■ **The input**:

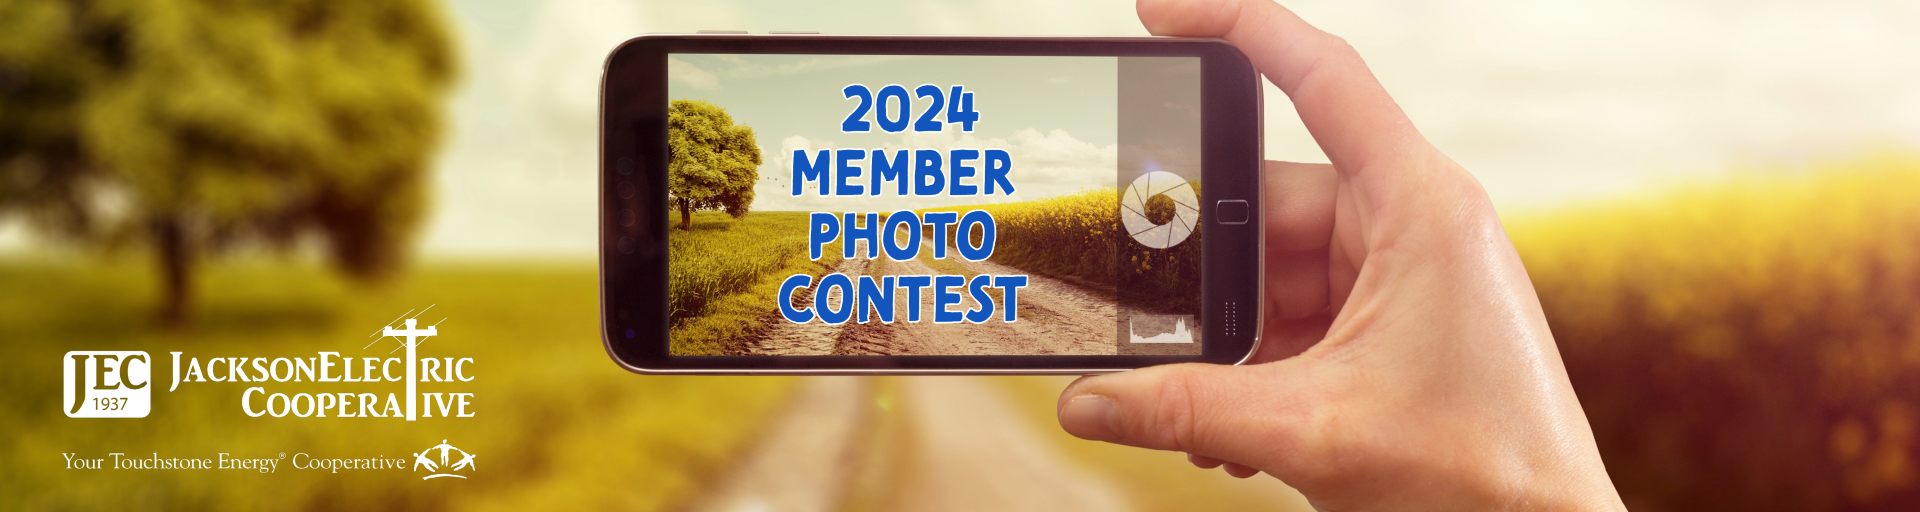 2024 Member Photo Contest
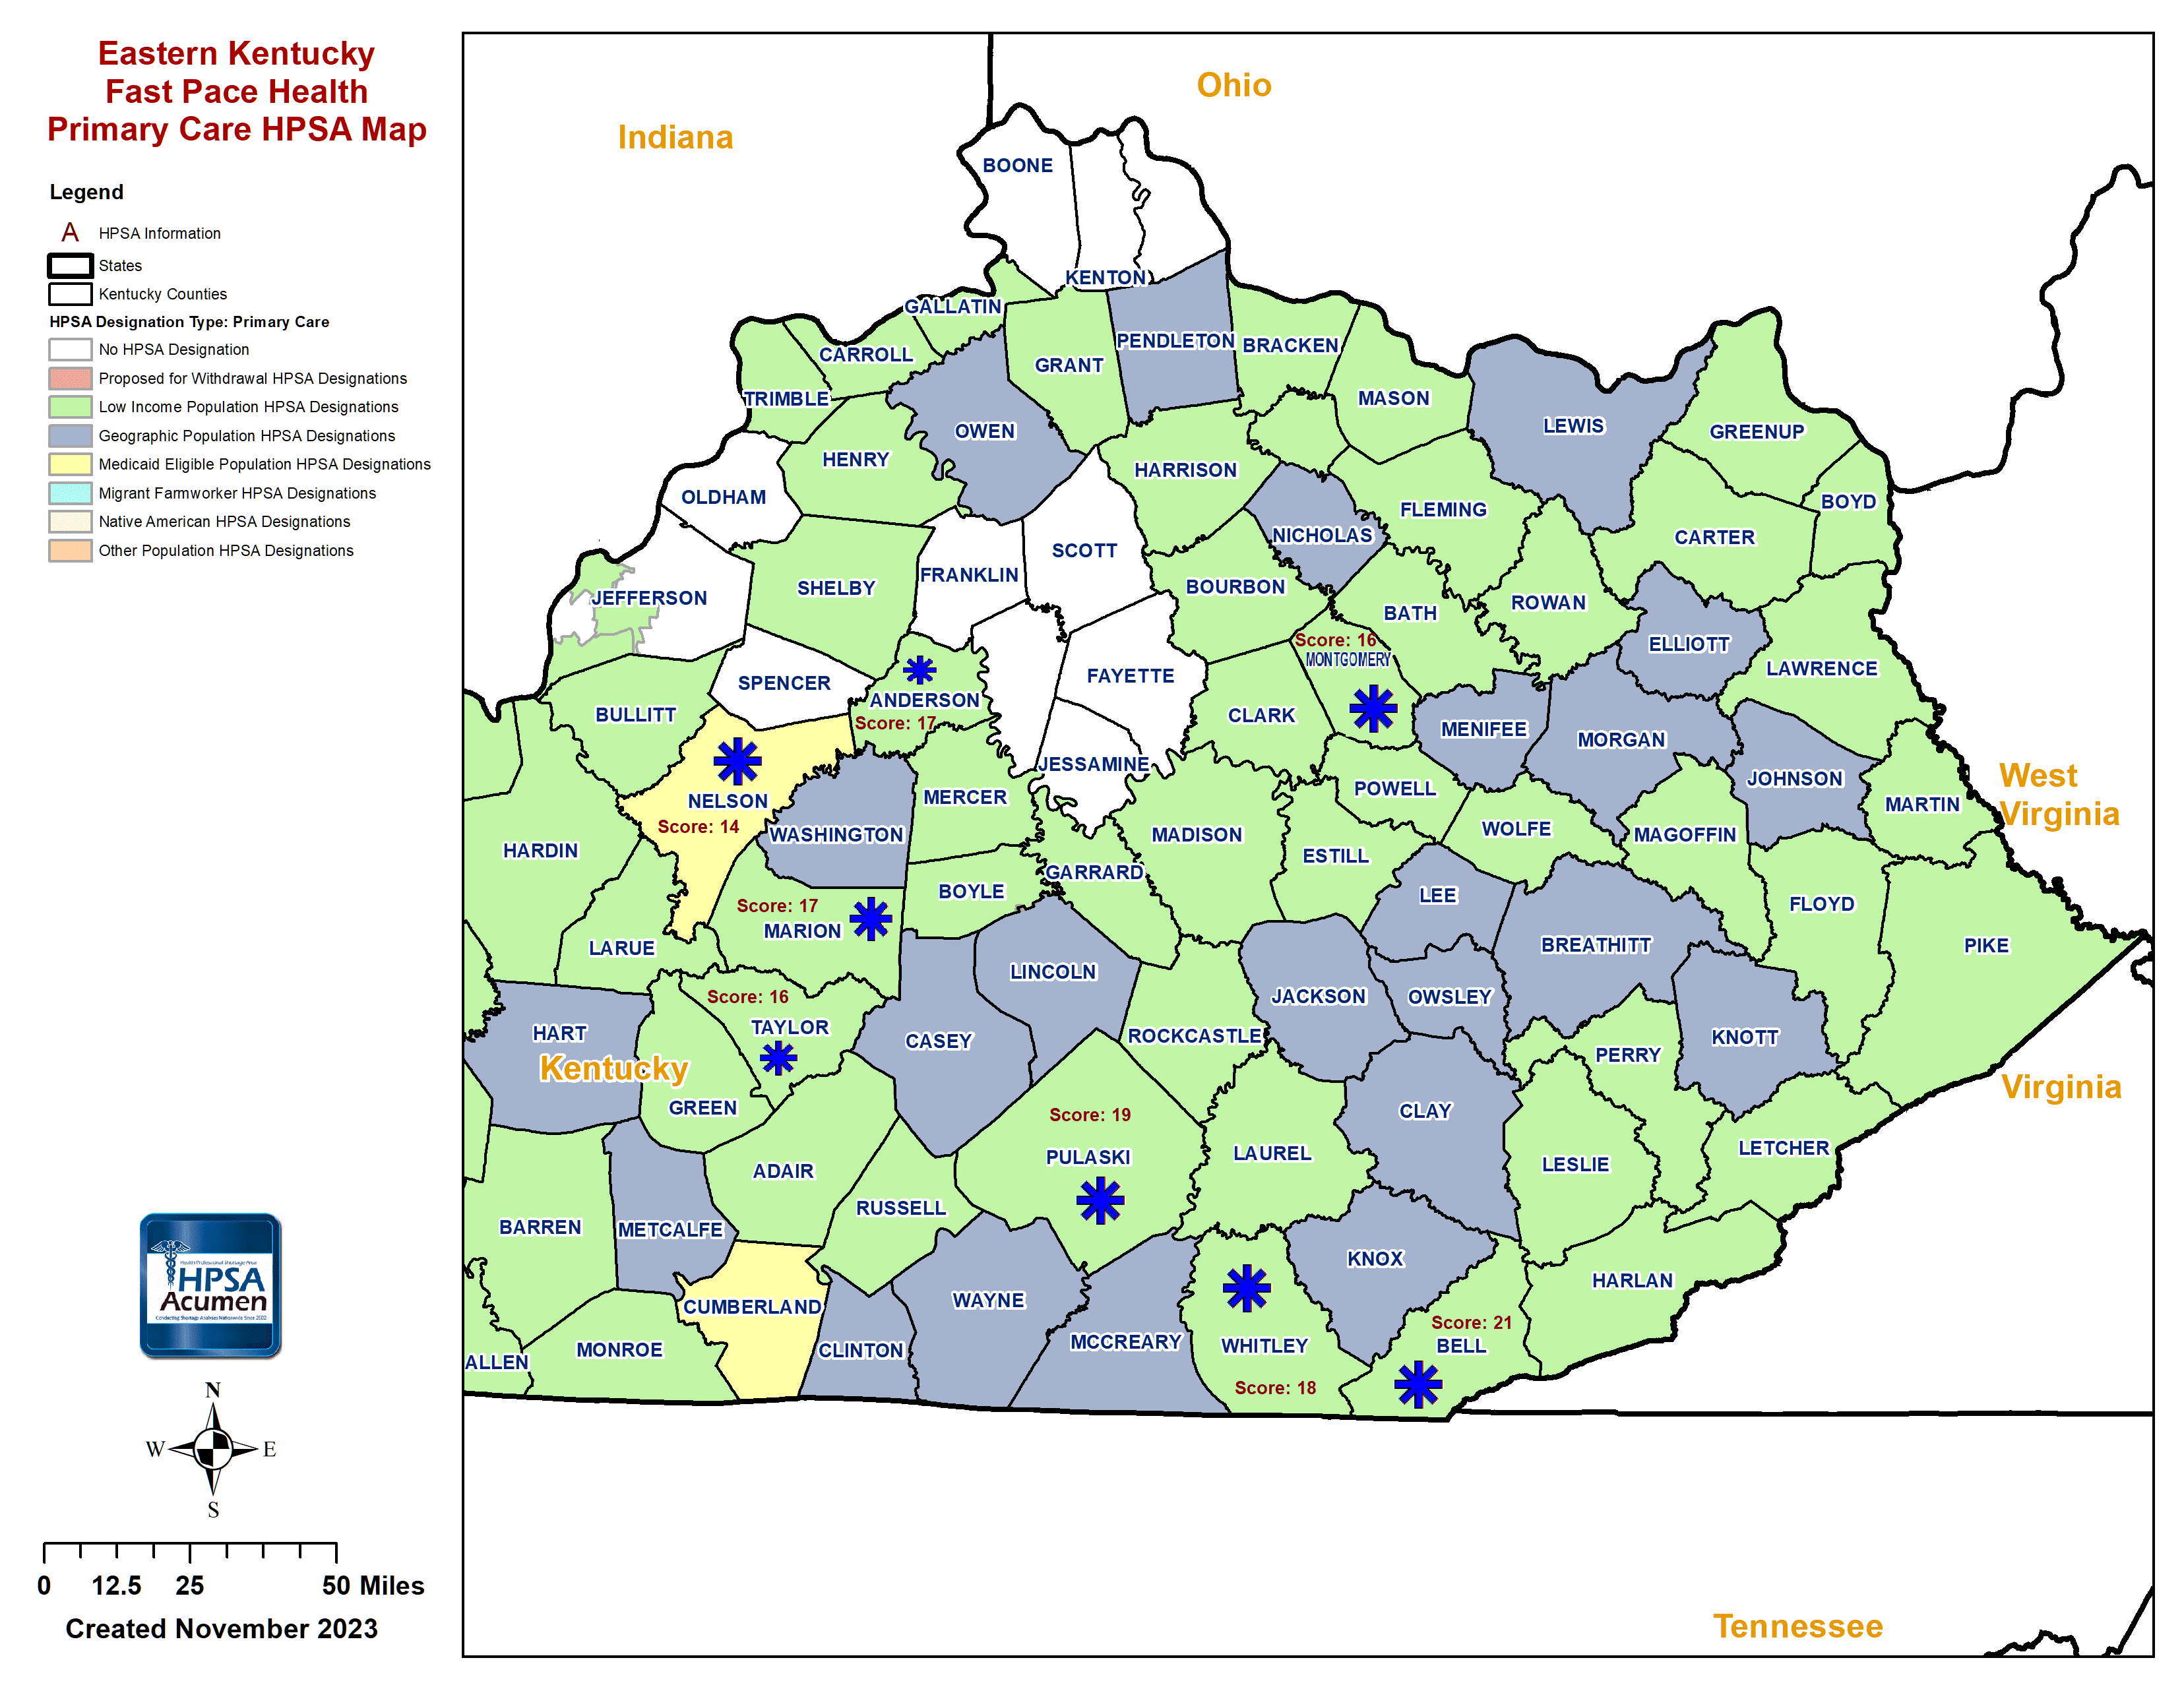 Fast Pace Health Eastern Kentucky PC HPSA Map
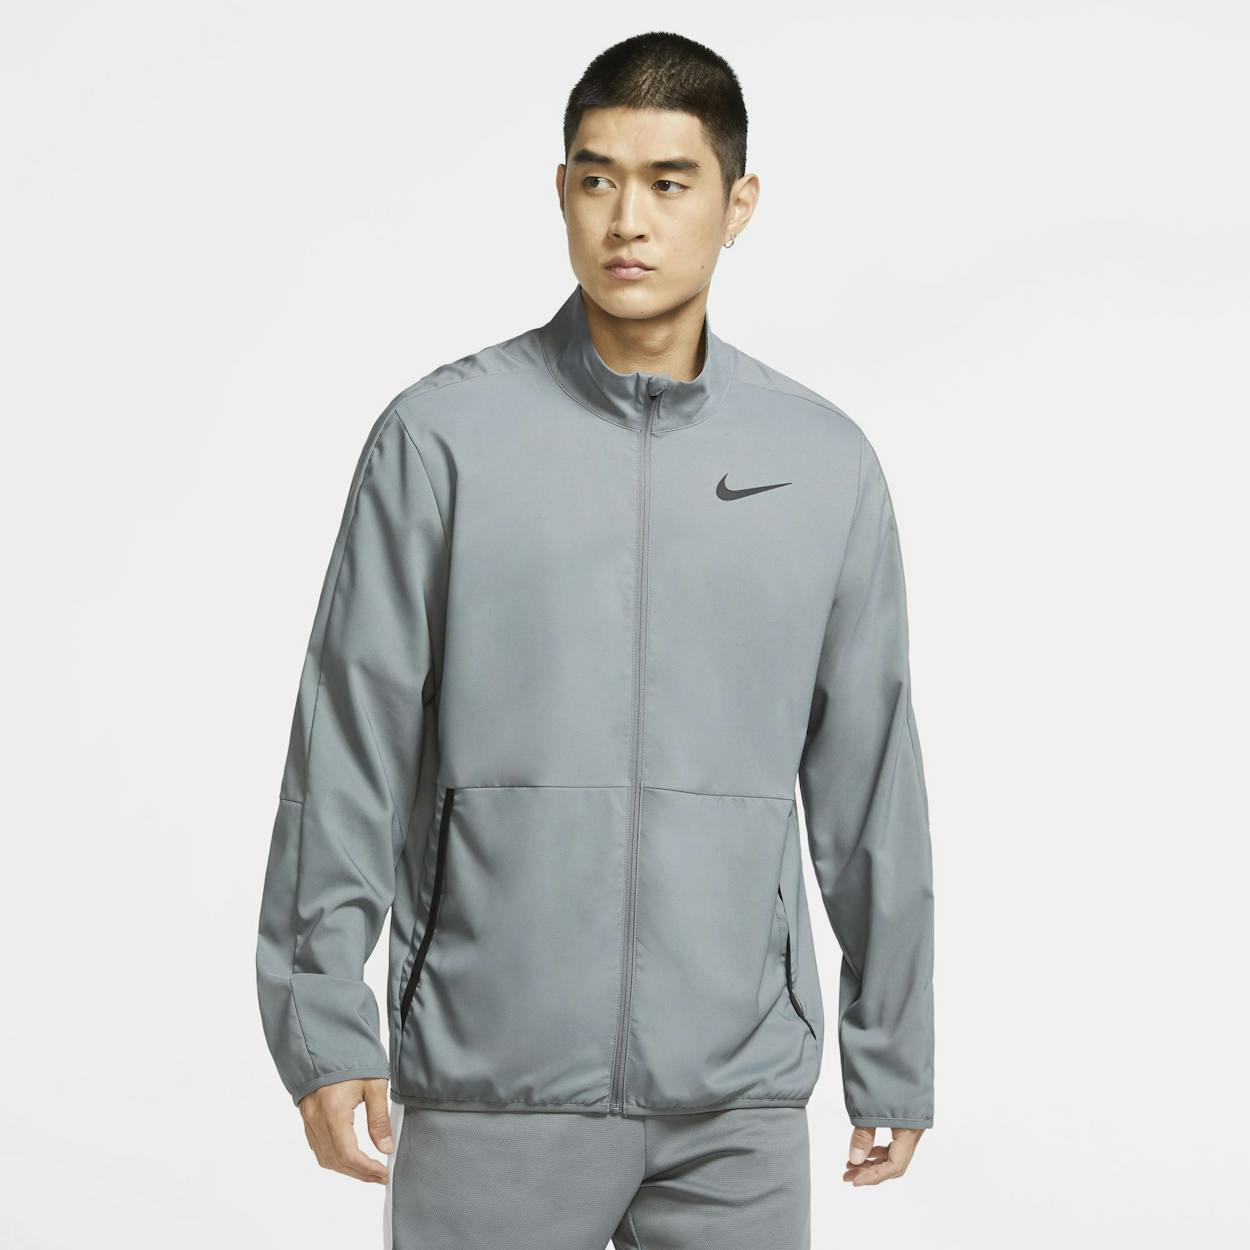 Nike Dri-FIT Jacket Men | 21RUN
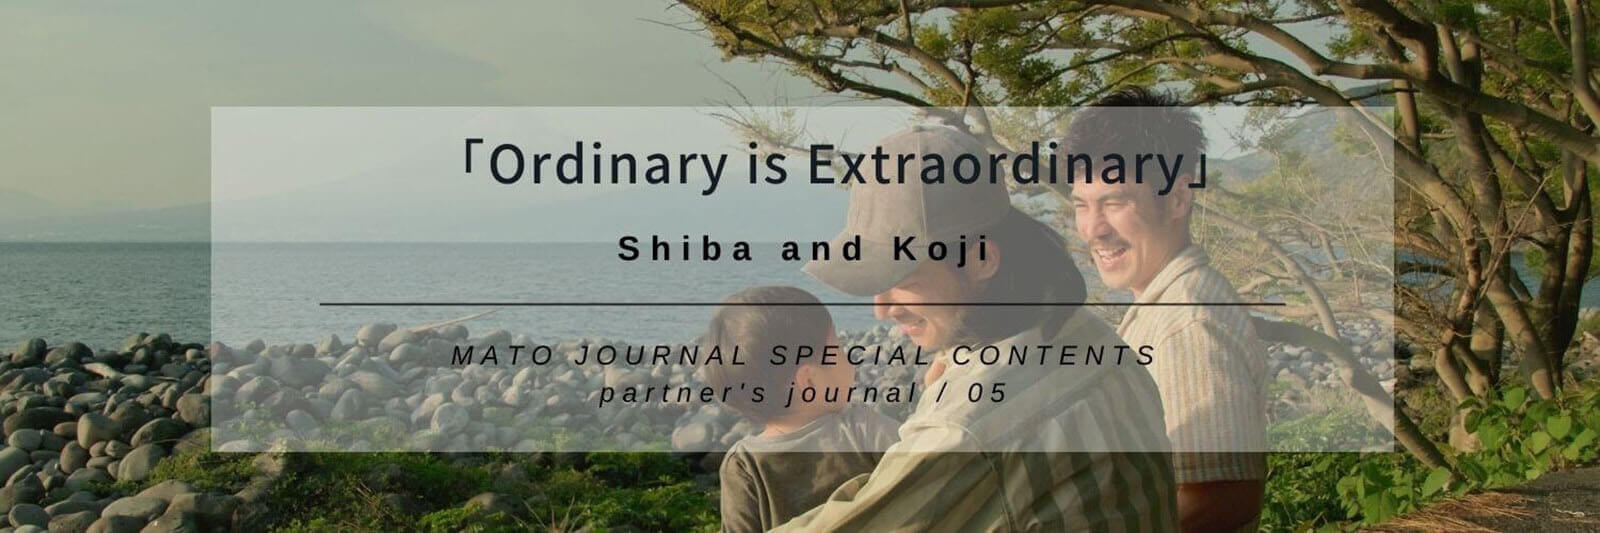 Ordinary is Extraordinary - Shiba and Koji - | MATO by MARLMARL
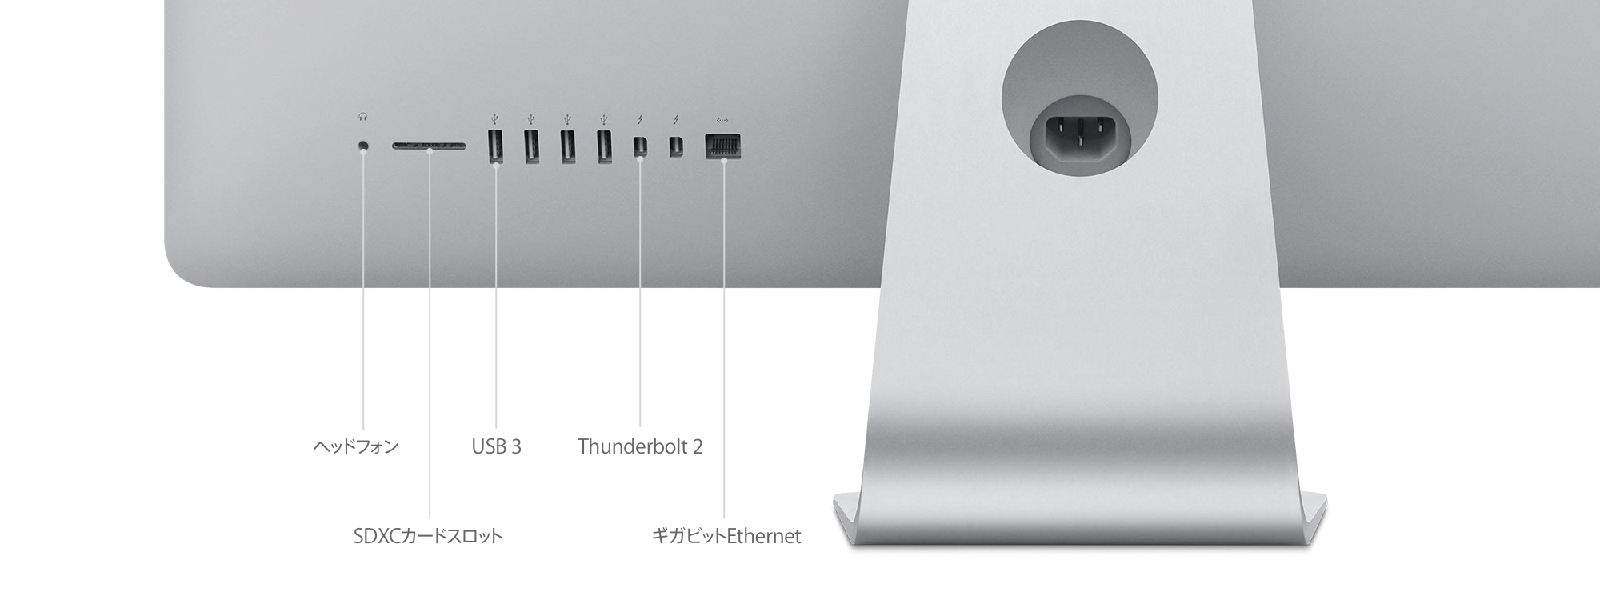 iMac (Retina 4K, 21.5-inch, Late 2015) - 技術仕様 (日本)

■ **The task**: Output the records exactly as they appear, skipping any pictures.

■ **Expected output**:
 2024 Member Photo Contest
 Fast Pace Health Eastern Kentucky PC HPSA Map
 Nike Dri-FIT Jacket Men | 21RUN
 Ordinary is Extraordinary - Shiba and Koji - | MATO by MARLMARL
 iMac (Retina 4K, 21.5-inch, Late 2015) - 技術仕様 (日本)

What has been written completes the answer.